The thing is I grepped the fasta header for this chromosome and got:

>CP014594

There are no white spaces in the line. what's going on? i have tried inserting the prefix 'chr' into both files, and inserting a space between > and the chromosome name for the fasta file.

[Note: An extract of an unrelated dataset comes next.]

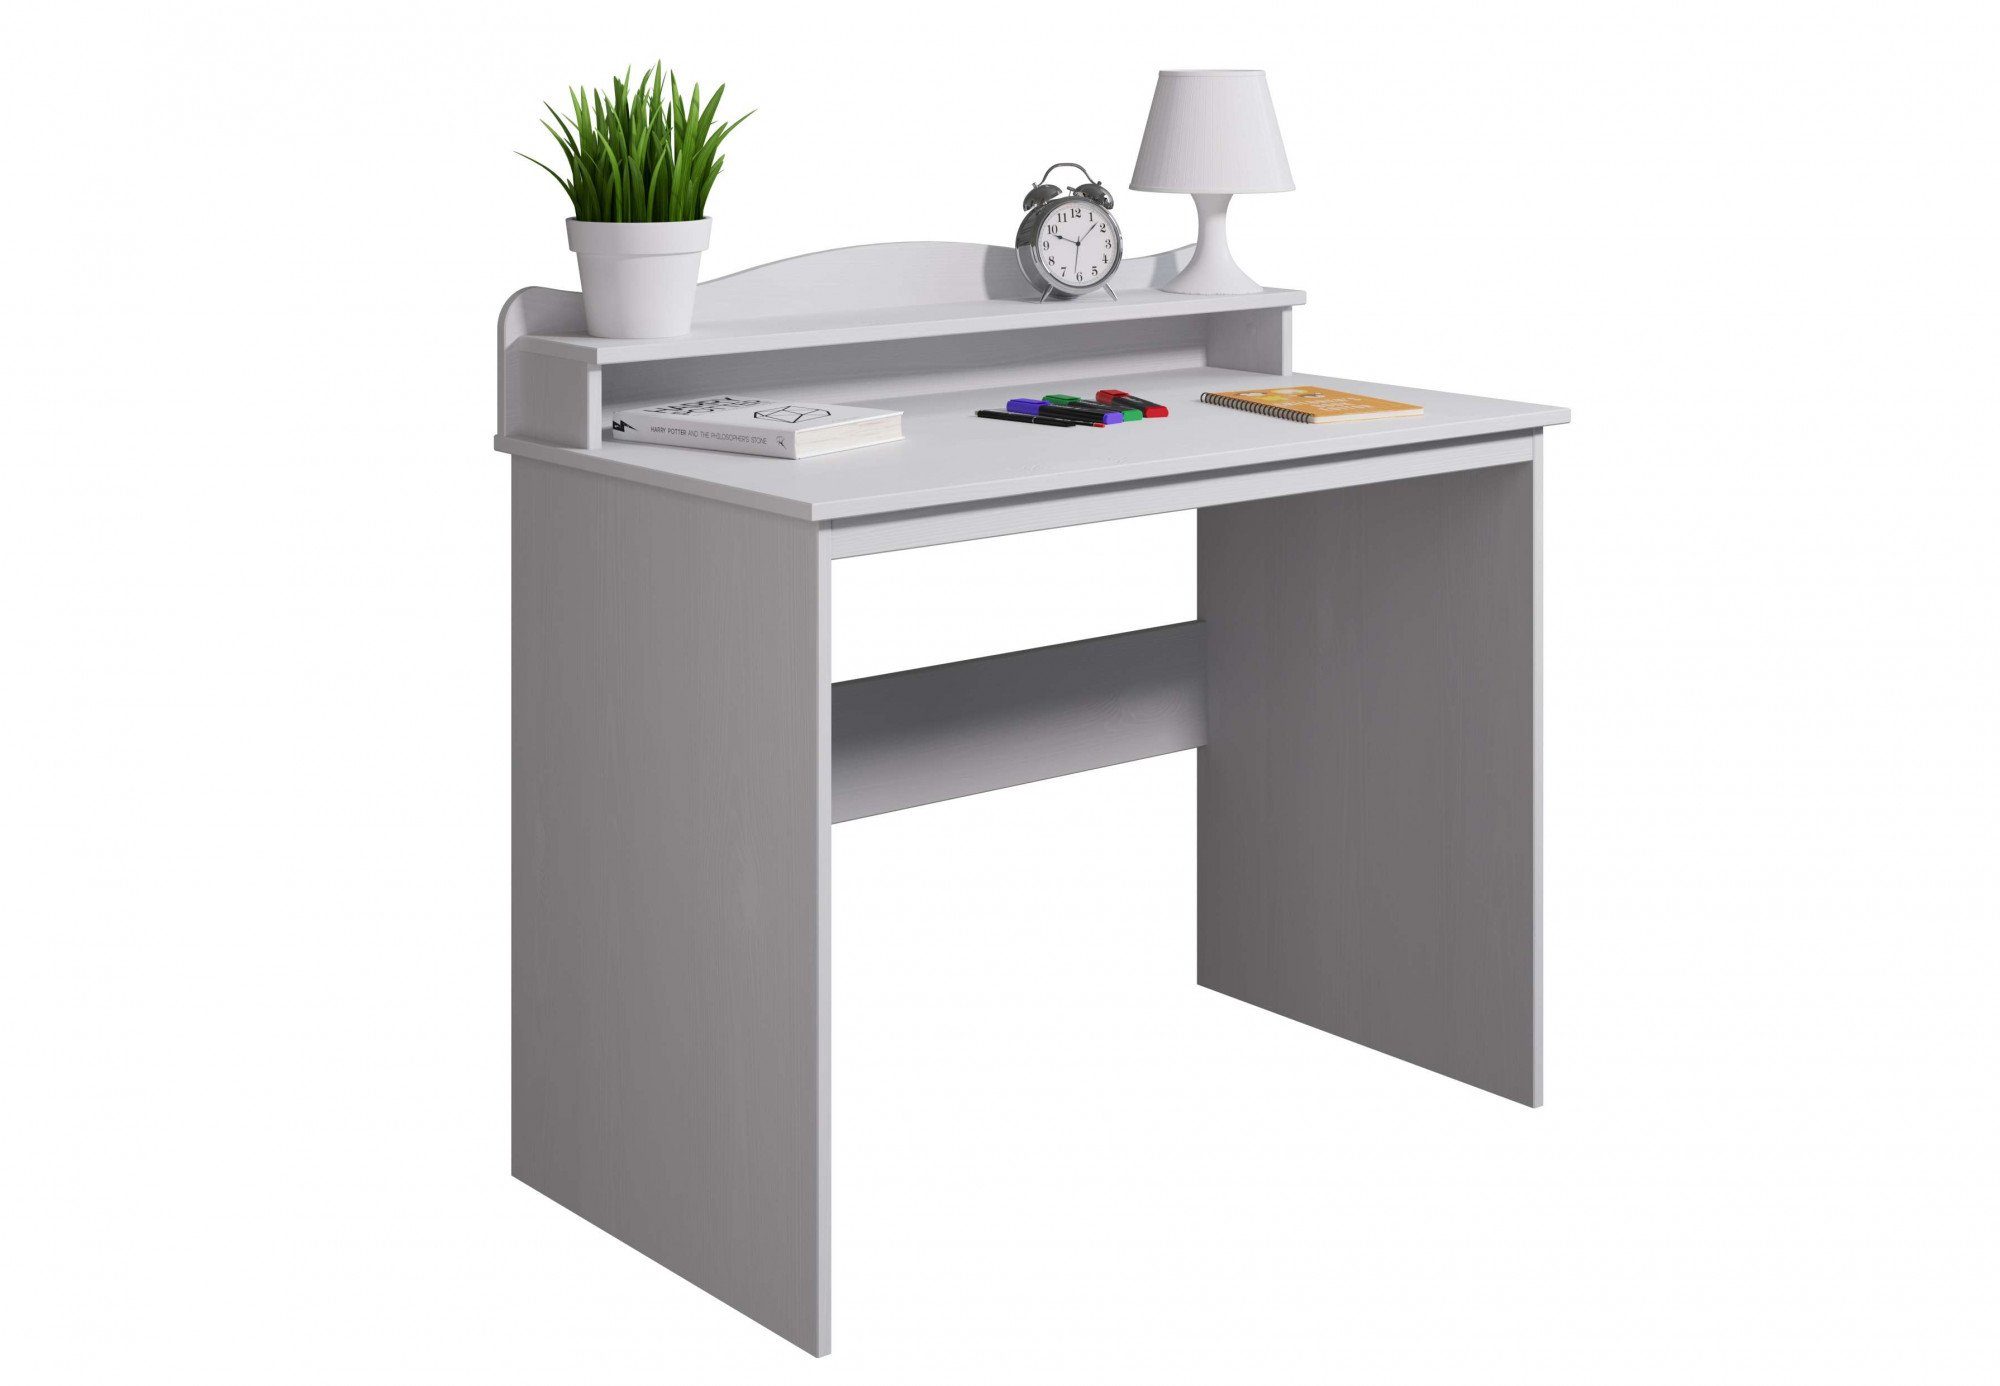 Home affaire Schreibtisch Lesve, aus massiver Kiefer, mit Schreibtischaufsatz weiß | weiß | weiß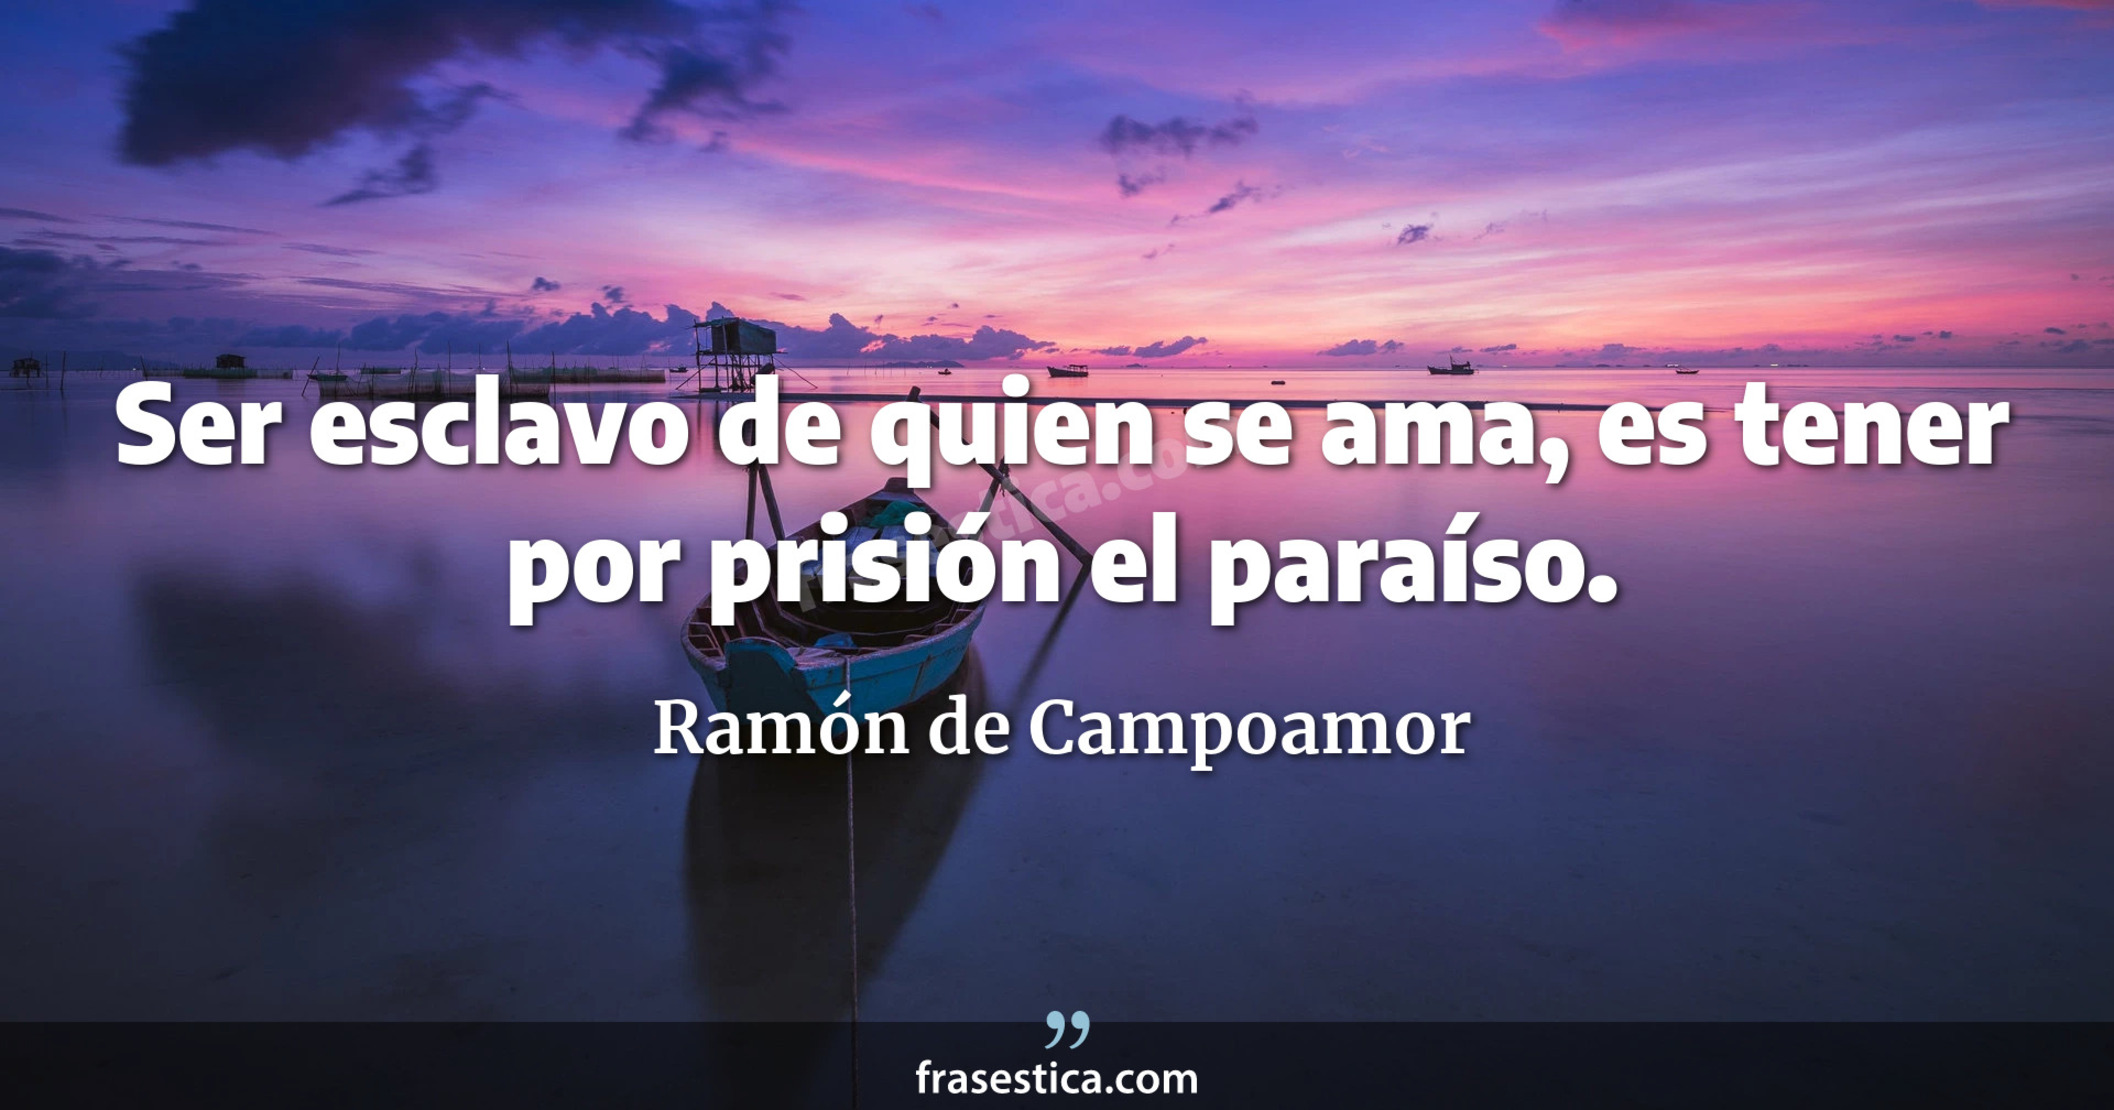 Ser esclavo de quien se ama, es tener por prisión el paraíso. - Ramón de Campoamor

software error sequencing bedtools • 2.0k views
0
Entering edit mode

what is the output of

file ref.fa


?

0
Entering edit mode

ref.fa: ASCII text, with CRLF line terminators

0
Entering edit mode

00000000 54 47 47 54 47 47 41 54 47 43 54 47 0a 3e 43 50 |TGGTGGATGCTG.>CP| 00000010 30 31 34 35 39 34 0a 41 43 41 47 43 43 47 41 43 |014594.ACAGCCGAC| 00000020 41 41 43 43 43 41 41 43 41 54 47 43 43 41 41 41 |AACCCAACATGCCAAA| 00000030 43 54 43 43 41 47 41 43 54 43 47 41 41 43 43 54 |CTCCAGACTCGAACCT| 00000040 47 47 47 41 43 54 43 43 41 41 47 41 41 54 43 41 |GGGACTCCAAGAATCA| 00000050 41 41 43 0a |AAC.| 00000054

and

00000000 43 50 30 31 34 35 39 34 09 2e 09 67 65 6e 65 09 |CP014594...gene.| 00000010 31 30 34 36 31 09 31 34 36 35 38 09 2e 09 2b 09 |10461.14658...+.| 00000020 2e 09 4e 61 6d 65 3d 41 54 59 34 30 5f 72 52 4e |..Name=ATY40_rRN| 00000030 41 63 53 43 37 73 31 30 34 36 31 65 31 34 36 35 |AcSC7s10461e1465| 00000040 38 3b 6c 6f 63 75 73 5f 74 61 67 3d 22 41 54 59 |8;locus_tag="ATY| 00000050 34 30 5f 72 52 4e 41 63 53 43 37 73 31 30 34 36 |40_rRNAcSC7s1046| 00000060 31 65 31 34 36 35 38 22 0a |1e14658".| 00000069

0
Entering edit mode
3.3 years ago

your fasta is a windows file . https://en.wikipedia.org/wiki/Newline#Frequent_issues

remove the invisible '\r' with

tr -d '\r' < ref.fa > tmp.fa
mv tmp.fa ref.fa


and try again.

1
Entering edit mode

alternative command line fix: use the dos2unix command (dos2unix yourfile.fa)

0
Entering edit mode

good catch! unfortunately, it still doesn't work, in spite of both files now being ASCII text with no \r .

0
Entering edit mode

hum... output of

grep CP014594 -B 1 -A 1 ref.fa | hexdump -C ?


and

grep -w CP014594 ref.gff3 | tail -1  | hexdump -C ?

0
Entering edit mode

for some reason my answer posted above, i'm not sure how to move it:

00000000 54 47 47 54 47 47 41 54 47 43 54 47 0a 3e 43 50 |TGGTGGATGCTG.>CP| 00000010 30 31 34 35 39 34 0a 41 43 41 47 43 43 47 41 43 |014594.ACAGCCGAC| 00000020 41 41 43 43 43 41 41 43 41 54 47 43 43 41 41 41 |AACCCAACATGCCAAA| 00000030 43 54 43 43 41 47 41 43 54 43 47 41 41 43 43 54 |CTCCAGACTCGAACCT| 00000040 47 47 47 41 43 54 43 43 41 41 47 41 41 54 43 41 |GGGACTCCAAGAATCA| 00000050 41 41 43 0a

and

00000000 43 50 30 31 34 35 39 34 09 2e 09 67 65 6e 65 09 |CP014594...gene.| 00000010 31 30 34 36 31 09 31 34 36 35 38 09 2e 09 2b 09 |10461.14658...+.| 00000020 2e 09 4e 61 6d 65 3d 41 54 59 34 30 5f 72 52 4e |..Name=ATY40_rRN| 00000030 41 63 53 43 37 73 31 30 34 36 31 65 31 34 36 35 |AcSC7s10461e1465| 00000040 38 3b 6c 6f 63 75 73 5f 74 61 67 3d 22 41 54 59 |8;locus_tag="ATY| 00000050 34 30 5f 72 52 4e 41 63 53 43 37 73 31 30 34 36 |40_rRNAcSC7s1046| 00000060 31 65 31 34 36 35 38 22 0a |1e14658".| 00000069

it looks like the characters are the same. i tried downloading another copy of bedtools (didn't work), but new copies of the ref.fa and ref.gff have worked. not sure why...maybe the error is misleading? thank you for your help.